File Format Analysis For Mere Mortals

This article has been a work-in-progress for over several years and might never be finished.

Note: This is largely aimed at reverse-engineering file formats from commercial videogames. A lot of the techniques are still applicable for more conventional software, but this article features game-specific terminology and use cases. Most videogame EULAs expressly prohibit reverse-engineering, so use this knowledge at your own discretion.


The Tools

First things first, you will need a hex editor. Ideally one which allows you to change how many bytes are displayed per line, as this makes it easier to identify multi-byte patterns. Personally, I use XVI32, but I’ve heard good things about 010 Editor, Hex Workshop and HxD as well.
I also recommend getting Process Monitor, which allows you to monitor system API calls in real-time. This is particularly useful for watching file read operations.


There are 10 types of people...

Hexadecimal is a counting system based on sixteen basic numbers instead of the classical ten. It's also known as "base 16" or simply "hex". It is favored by software engineers because it allows easy conversion to/from binary. A single hex digit will always map exactly to four binary digits - it then follows that a byte (8 binary digits) can always be represented as exactly two hex digits.

In most programming languages, you can mark a number to be interpreted as hex by prefixing it with 0x. For example, the code will contain 0x41 and the compiler will interpret that as 65 rather than 41.

Here's a table of single-digit hex values

DecimalHexBinary
000000
110001
220010
330011
440100
550101
660110
770111
881000
991001
10A1010
11B1011
12C1100
13D1101
14E1110
15F1111

Some other useful values to know:
16 = 10 = 0001 0000
32 = 20 = 0010 0000
255 = FF = 1111 1111

It's not too important to be able to convert from hex to decimal in your head, your editor will help out a lot on that front, but it does help to memorize a few common values.
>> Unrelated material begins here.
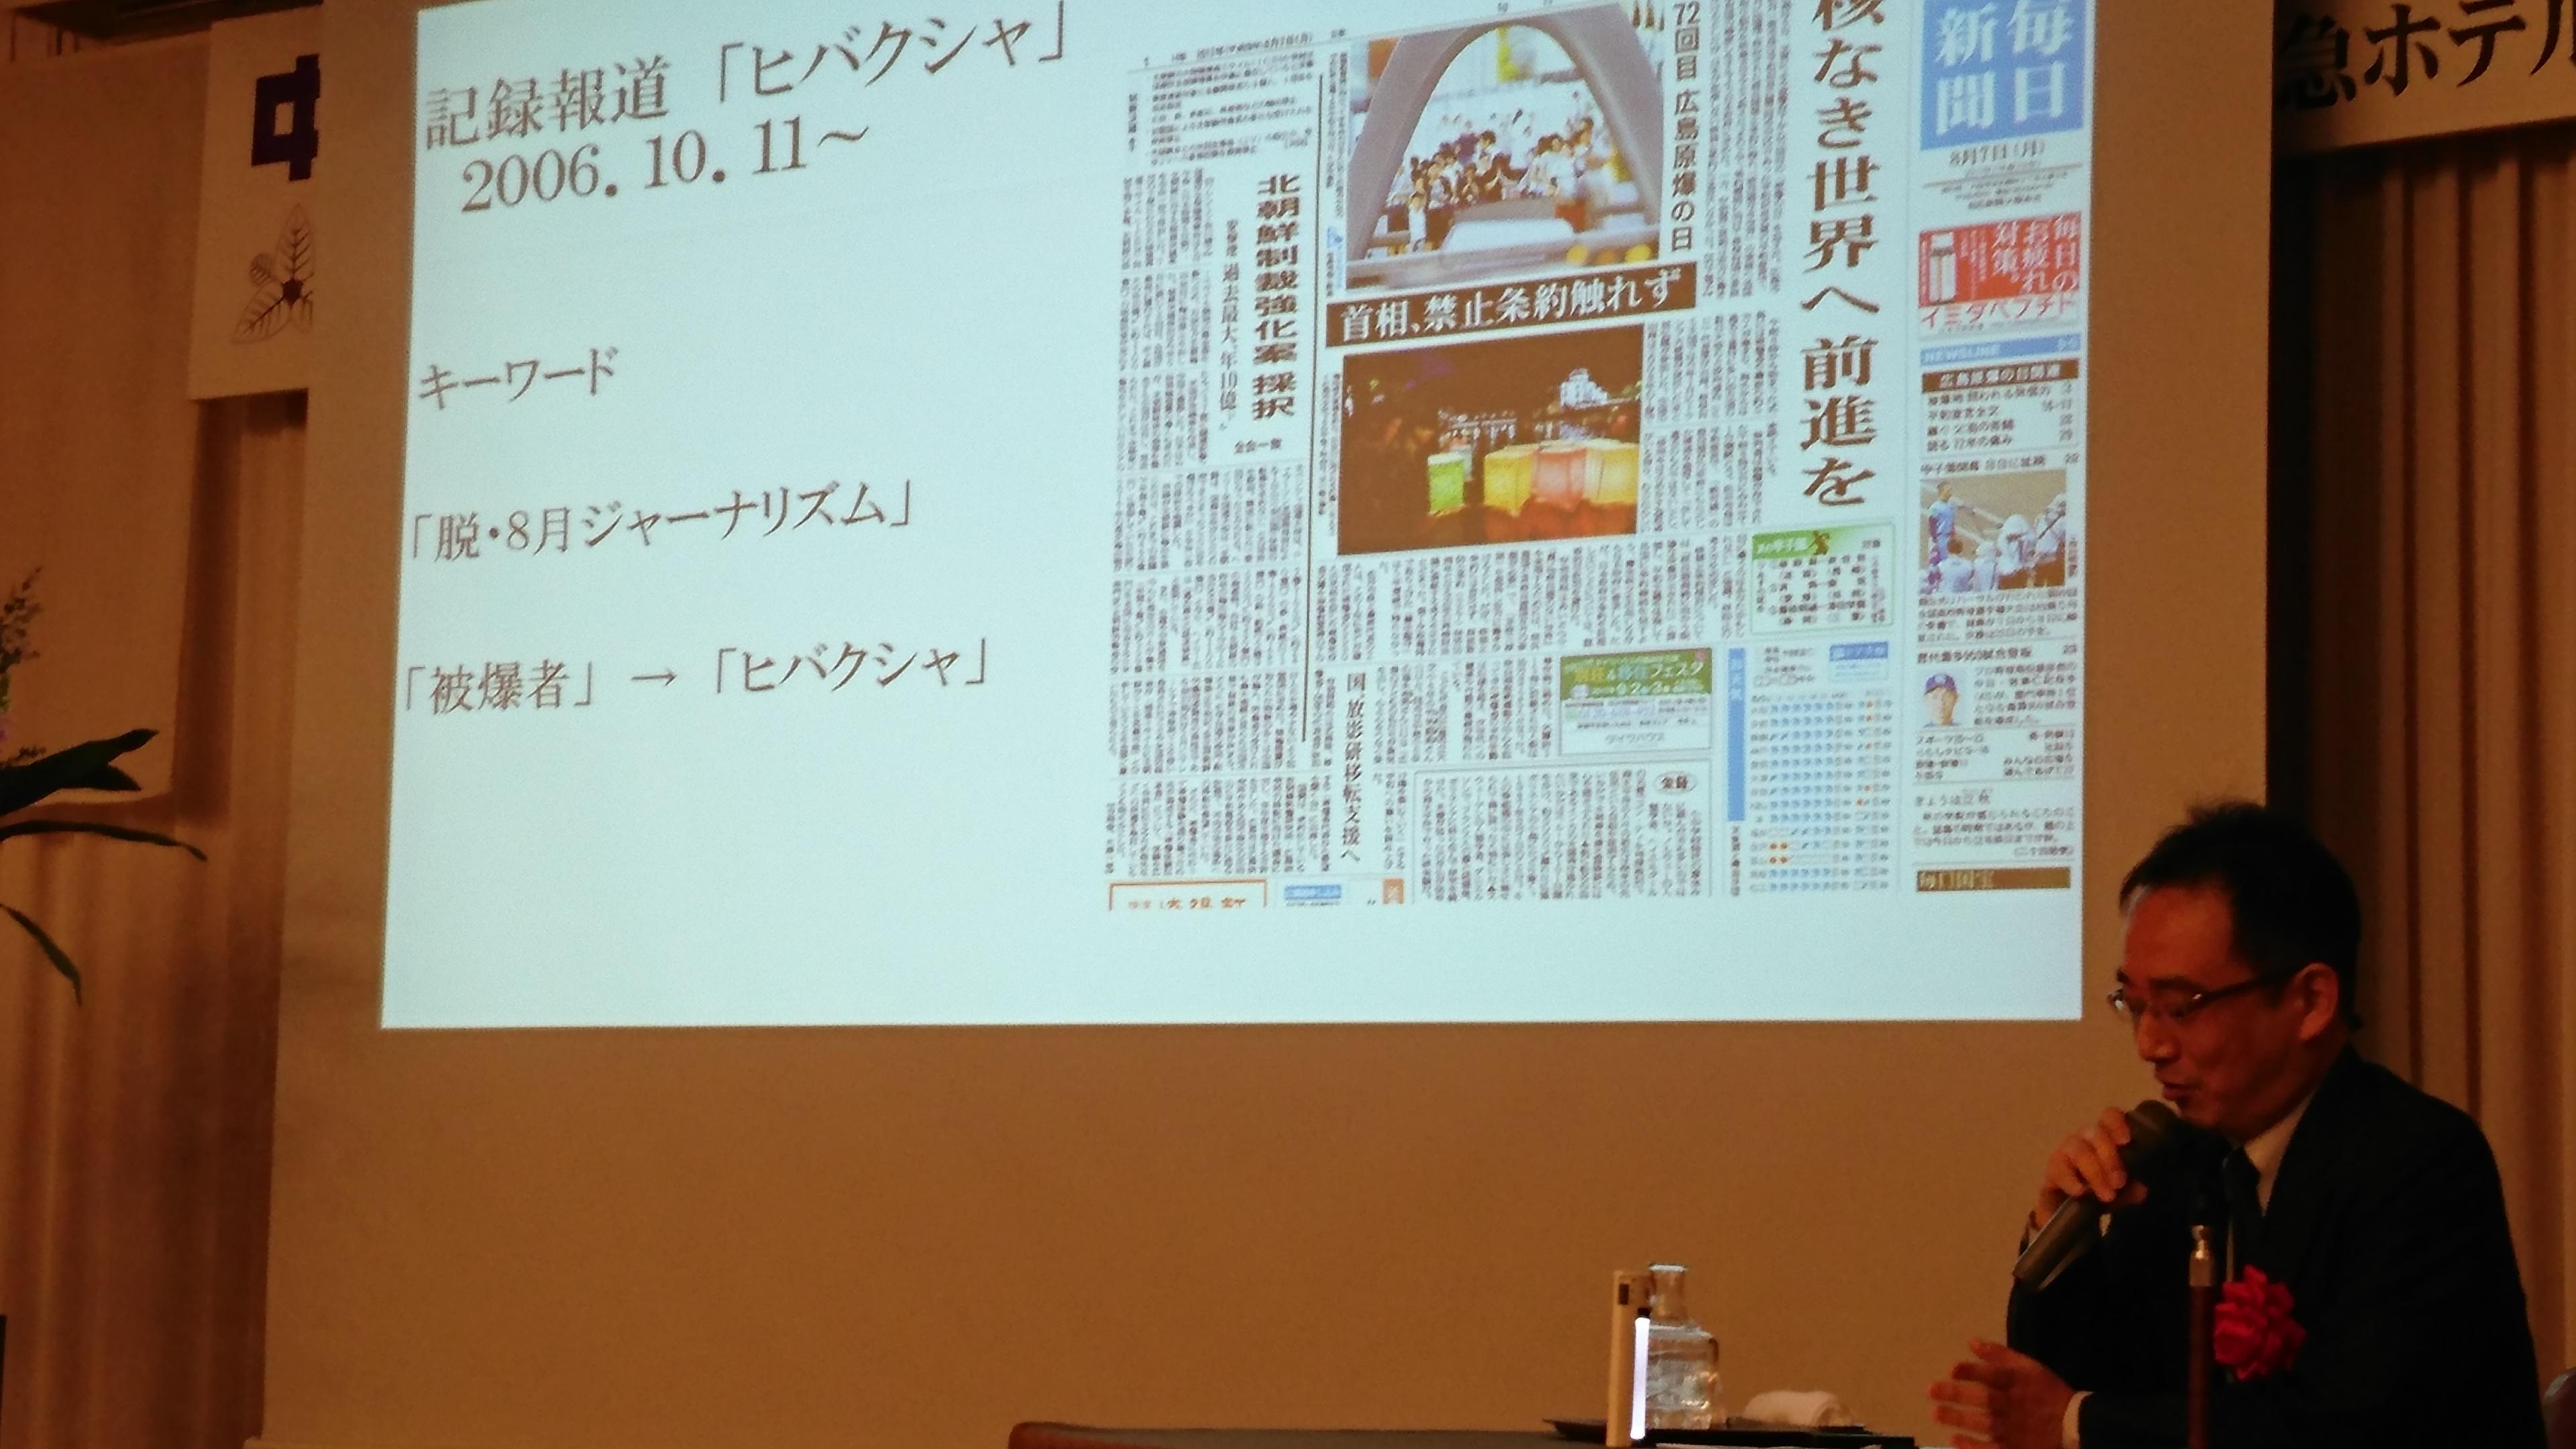 http://www.inoue-satoshi.com/diary/DSC_0721.JPG
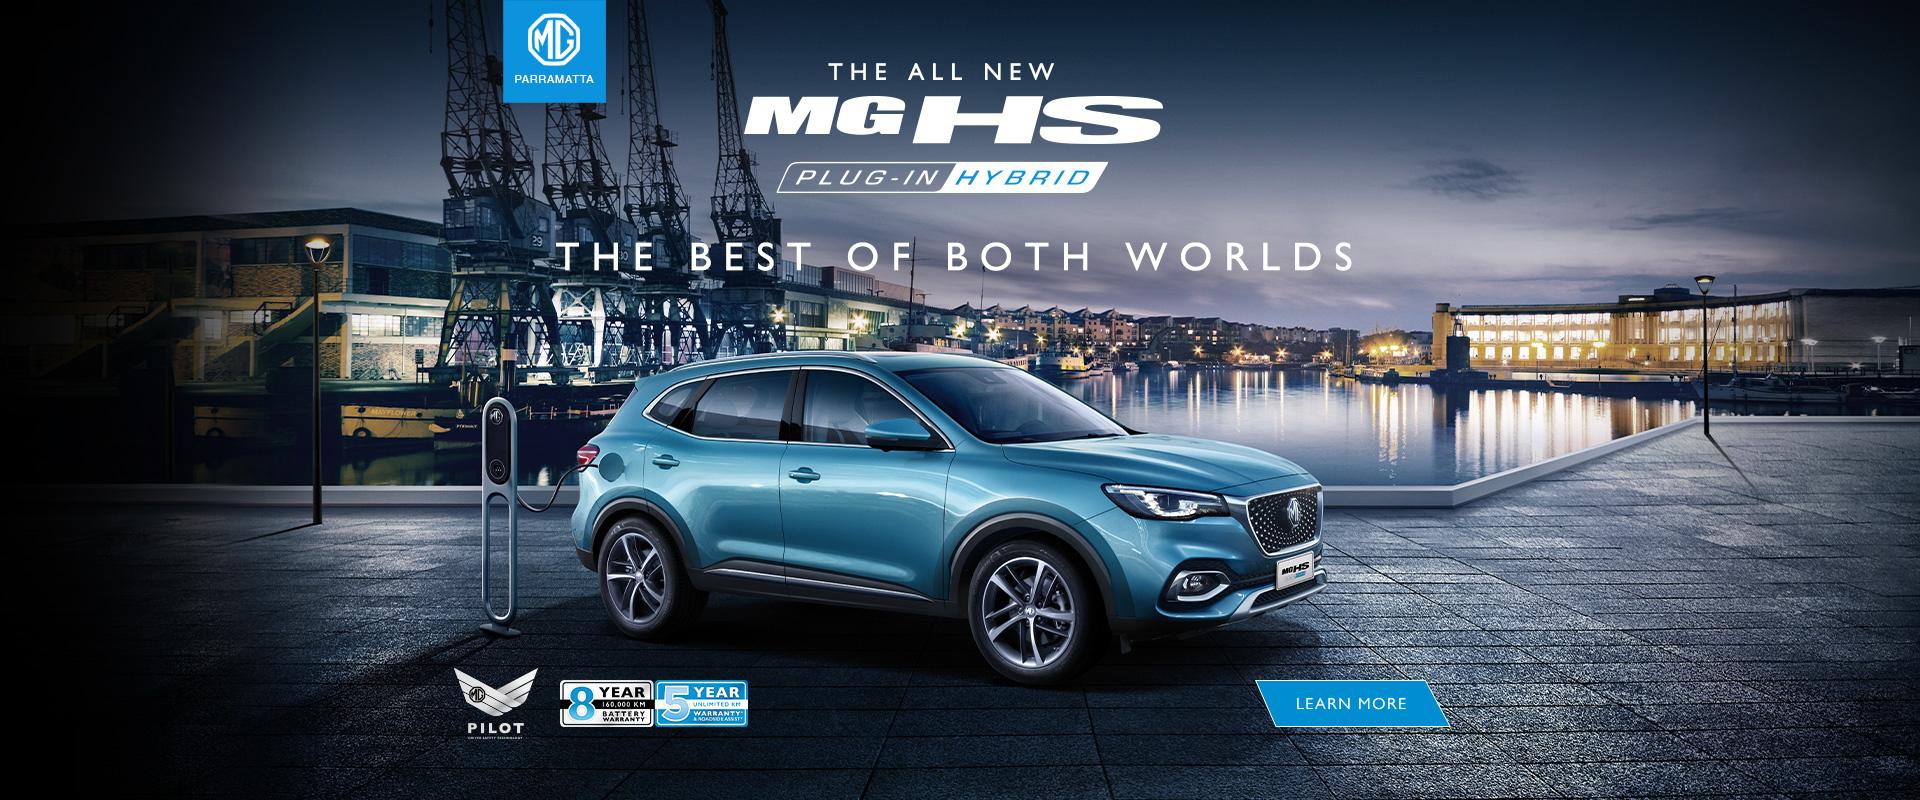 MG HS Plug-In Hybrid | Register Your Interest | Parramatta MG, Sydney

Curtis Lassam has some useful videos covering Binary and Hexadecimal which I recommend watching. You can ignore the bits about octal, that's not going to be relevant here (although it's interesting of its own merit).


Data-type 101

So, for those of you that haven’t studied Computer Science 101, here’s a quick refresher on datatypes. Just cover byte, int16/32/64, float, and bool.


What is a file?

A file is simply a series of bytes.
See also my earlier rant on file extensions


Know your tools

Talk about hex editors, mention that characters outside the ASCII printable range are displayed as '.'


Lilliput and Blefuscu

When dealing with multi-byte types, you’re going to need to be very careful about byte order, also referred to as endianness. In some systems, the bytes are ordered such that the bits are in left-to-right reading order across the multi-byte type. These systems are referred to as big-endian. In other systems, the bytes are in reverse order, and these are referred to as little-endian. Note that only the byte order is reversed, the bits are still in big-endian order within each byte.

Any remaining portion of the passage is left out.